Create a function graph to answer the question what are the solutions to the equation x squared minus 5X = -4 enter the smaller value first x equals blank x equals blank
Answers
Answered by
GPT-4o mini
To solve the equation \( x^2 - 5x = -4 \), we first rearrange it into standard form:
\[
x^2 - 5x + 4 = 0
\]
Now, we can factor the quadratic equation:
\[
(x - 1)(x - 4) = 0
\]
Setting each factor equal to zero gives us the solutions:
\[
x - 1 = 0 \quad \Rightarrow \quad x = 1
\]
\[
x - 4 = 0 \quad \Rightarrow \quad x = 4
\]
So the solutions to the equation are \( x = 1 \) and \( x = 4 \).

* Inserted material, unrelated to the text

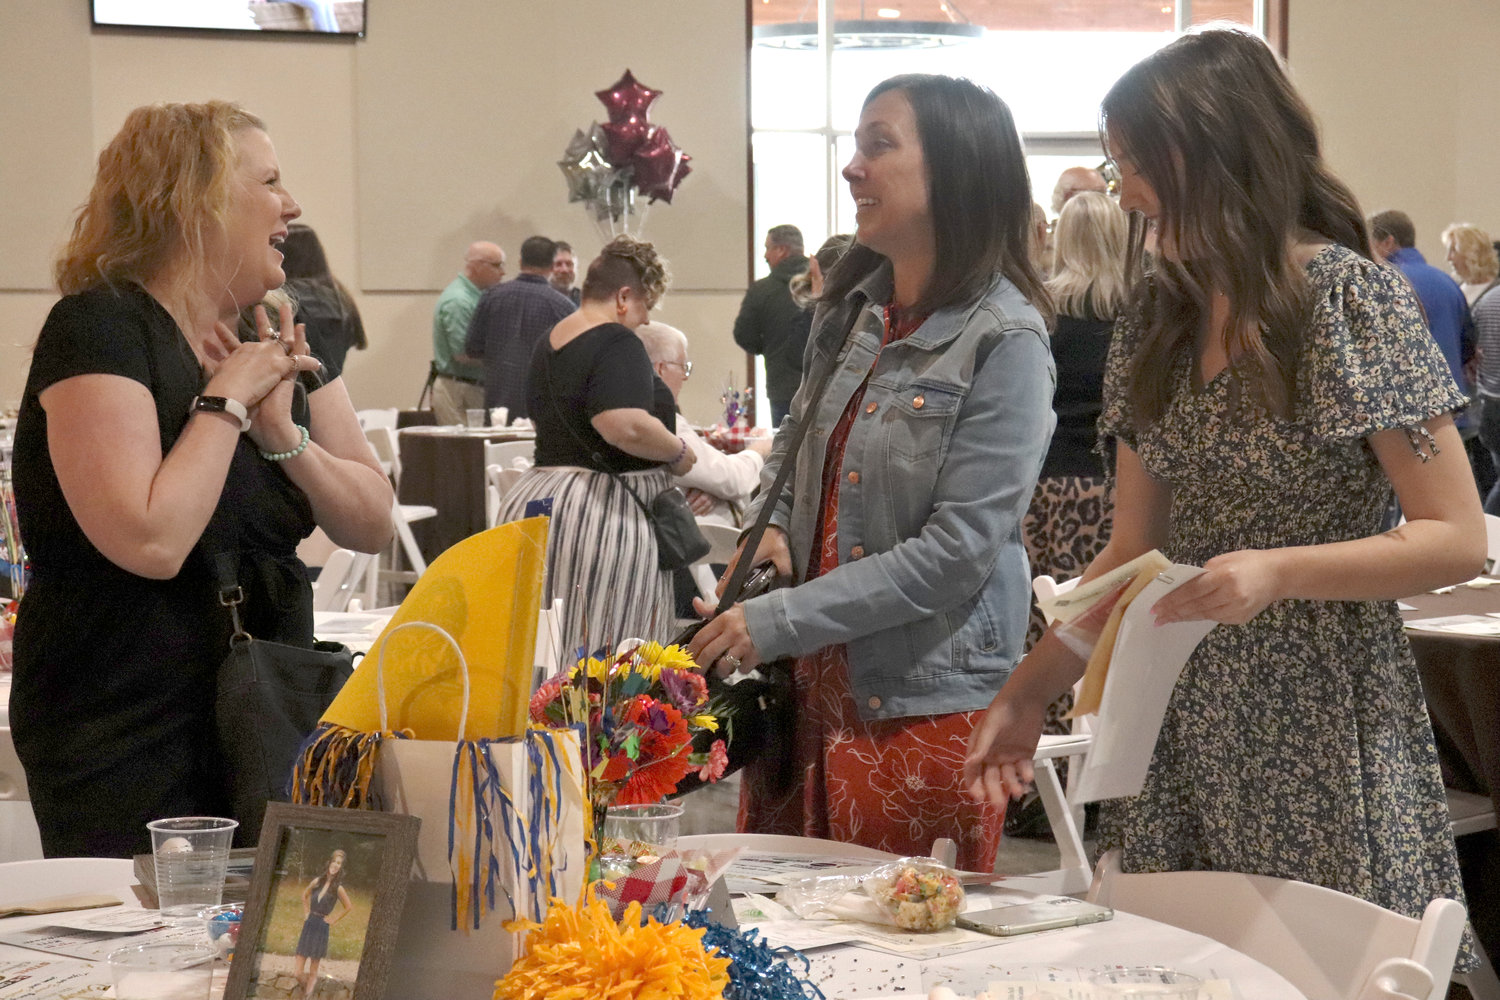 Suzie Mitchell, left, speaks with Olivia Mitchell Scholarship recipient Alyssa Davis, far right, during the Rob Fuller Top 25 Scholarship Luncheon in Chehalis on Monday. The award was available to Adna High School seniors.

Putting the smaller value first, we have:
\[
x = 1, \quad x = 4
\]
Thus, the solutions are:
- \( x = 1 \)
- \( x = 4 \)
If you're interested in graphing the function to visualize these solutions, you'd graph \( y = x^2 - 5x + 4 \) and observe where it intersects the x-axis (i.e., where \( y = 0 \)). The points of intersection will correspond to the solutions we found: \( (1, 0) \) and \( (4, 0) \).
\[
x^2 - 5x + 4 = 0
\]
Now, we can factor the quadratic equation:
\[
(x - 1)(x - 4) = 0
\]
Setting each factor equal to zero gives us the solutions:
\[
x - 1 = 0 \quad \Rightarrow \quad x = 1
\]
\[
x - 4 = 0 \quad \Rightarrow \quad x = 4
\]
So the solutions to the equation are \( x = 1 \) and \( x = 4 \).
Putting the smaller value first, we have:
\[
x = 1, \quad x = 4
\]
Thus, the solutions are:
- \( x = 1 \)
- \( x = 4 \)
If you're interested in graphing the function to visualize these solutions, you'd graph \( y = x^2 - 5x + 4 \) and observe where it intersects the x-axis (i.e., where \( y = 0 \)). The points of intersection will correspond to the solutions we found: \( (1, 0) \) and \( (4, 0) \).
There are no human answers yet. A form for humans to post answers is coming very soon!